• **EXERCISE INSTRUCTIONS**
Return the records exactly, please. Every line should match.

☆ ☆ ☆ ☆

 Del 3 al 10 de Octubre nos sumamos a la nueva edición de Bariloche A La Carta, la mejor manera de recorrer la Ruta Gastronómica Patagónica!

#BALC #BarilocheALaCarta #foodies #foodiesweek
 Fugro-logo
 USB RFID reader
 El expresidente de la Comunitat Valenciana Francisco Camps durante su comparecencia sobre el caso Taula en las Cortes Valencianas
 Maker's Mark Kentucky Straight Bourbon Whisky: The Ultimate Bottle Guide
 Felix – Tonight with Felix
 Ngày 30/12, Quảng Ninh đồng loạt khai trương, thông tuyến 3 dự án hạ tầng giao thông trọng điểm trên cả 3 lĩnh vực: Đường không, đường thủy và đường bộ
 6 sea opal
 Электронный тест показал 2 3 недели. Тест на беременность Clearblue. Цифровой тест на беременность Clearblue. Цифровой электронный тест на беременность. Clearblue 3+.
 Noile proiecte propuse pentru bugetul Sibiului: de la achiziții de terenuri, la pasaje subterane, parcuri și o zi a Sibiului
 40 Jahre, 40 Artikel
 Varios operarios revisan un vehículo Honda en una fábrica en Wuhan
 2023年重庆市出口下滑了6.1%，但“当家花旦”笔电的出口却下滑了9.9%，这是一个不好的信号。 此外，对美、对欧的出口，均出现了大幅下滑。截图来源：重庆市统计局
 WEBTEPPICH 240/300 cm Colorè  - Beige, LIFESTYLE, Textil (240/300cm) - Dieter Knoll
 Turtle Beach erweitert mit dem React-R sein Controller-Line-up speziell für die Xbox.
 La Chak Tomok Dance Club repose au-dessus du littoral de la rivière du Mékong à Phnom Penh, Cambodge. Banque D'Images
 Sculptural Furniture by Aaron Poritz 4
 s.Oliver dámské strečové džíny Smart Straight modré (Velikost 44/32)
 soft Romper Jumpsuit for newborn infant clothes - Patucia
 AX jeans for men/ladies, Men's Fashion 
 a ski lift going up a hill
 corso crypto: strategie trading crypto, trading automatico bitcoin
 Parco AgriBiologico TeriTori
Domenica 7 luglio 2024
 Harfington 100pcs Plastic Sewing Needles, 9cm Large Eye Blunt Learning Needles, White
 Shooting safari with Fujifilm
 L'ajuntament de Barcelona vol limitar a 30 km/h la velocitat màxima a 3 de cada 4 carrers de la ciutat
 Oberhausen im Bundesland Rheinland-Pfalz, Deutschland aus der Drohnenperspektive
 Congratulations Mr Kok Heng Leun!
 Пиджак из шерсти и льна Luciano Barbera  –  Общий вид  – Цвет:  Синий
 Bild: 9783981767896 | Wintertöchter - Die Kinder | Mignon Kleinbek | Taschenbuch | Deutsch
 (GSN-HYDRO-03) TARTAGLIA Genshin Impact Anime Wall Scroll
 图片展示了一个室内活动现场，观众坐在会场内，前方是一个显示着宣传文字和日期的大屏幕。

☆ ☆ ☆ ☆

• **ANSWER AREA**
 Del 3 al 10 de Octubre nos sumamos a la nueva edición de Bariloche A La Carta, la mejor manera de recorrer la Ruta Gastronómica Patagónica!

#BALC #BarilocheALaCarta #foodies #foodiesweek
 Fugro-logo
 USB RFID reader
 El expresidente de la Comunitat Valenciana Francisco Camps durante su comparecencia sobre el caso Taula en las Cortes Valencianas
 Maker's Mark Kentucky Straight Bourbon Whisky: The Ultimate Bottle Guide
 Felix – Tonight with Felix
 Ngày 30/12, Quảng Ninh đồng loạt khai trương, thông tuyến 3 dự án hạ tầng giao thông trọng điểm trên cả 3 lĩnh vực: Đường không, đường thủy và đường bộ
 6 sea opal
 Электронный тест показал 2 3 недели. Тест на беременность Clearblue. Цифровой тест на беременность Clearblue. Цифровой электронный тест на беременность. Clearblue 3+.
 Noile proiecte propuse pentru bugetul Sibiului: de la achiziții de terenuri, la pasaje subterane, parcuri și o zi a Sibiului
 40 Jahre, 40 Artikel
 Varios operarios revisan un vehículo Honda en una fábrica en Wuhan
 2023年重庆市出口下滑了6.1%，但“当家花旦”笔电的出口却下滑了9.9%，这是一个不好的信号。 此外，对美、对欧的出口，均出现了大幅下滑。截图来源：重庆市统计局
 WEBTEPPICH 240/300 cm Colorè  - Beige, LIFESTYLE, Textil (240/300cm) - Dieter Knoll
 Turtle Beach erweitert mit dem React-R sein Controller-Line-up speziell für die Xbox.
 La Chak Tomok Dance Club repose au-dessus du littoral de la rivière du Mékong à Phnom Penh, Cambodge. Banque D'Images
 Sculptural Furniture by Aaron Poritz 4
 s.Oliver dámské strečové džíny Smart Straight modré (Velikost 44/32)
 soft Romper Jumpsuit for newborn infant clothes - Patucia
 AX jeans for men/ladies, Men's Fashion 
 a ski lift going up a hill
 corso crypto: strategie trading crypto, trading automatico bitcoin
 Parco AgriBiologico TeriTori
Domenica 7 luglio 2024
 Harfington 100pcs Plastic Sewing Needles, 9cm Large Eye Blunt Learning Needles, White
 Shooting safari with Fujifilm
 L'ajuntament de Barcelona vol limitar a 30 km/h la velocitat màxima a 3 de cada 4 carrers de la ciutat
 Oberhausen im Bundesland Rheinland-Pfalz, Deutschland aus der Drohnenperspektive
 Congratulations Mr Kok Heng Leun!
 Пиджак из шерсти и льна Luciano Barbera  –  Общий вид  – Цвет:  Синий
 Bild: 9783981767896 | Wintertöchter - Die Kinder | Mignon Kleinbek | Taschenbuch | Deutsch
 (GSN-HYDRO-03) TARTAGLIA Genshin Impact Anime Wall Scroll
 图片展示了一个室内活动现场，观众坐在会场内，前方是一个显示着宣传文字和日期的大屏幕。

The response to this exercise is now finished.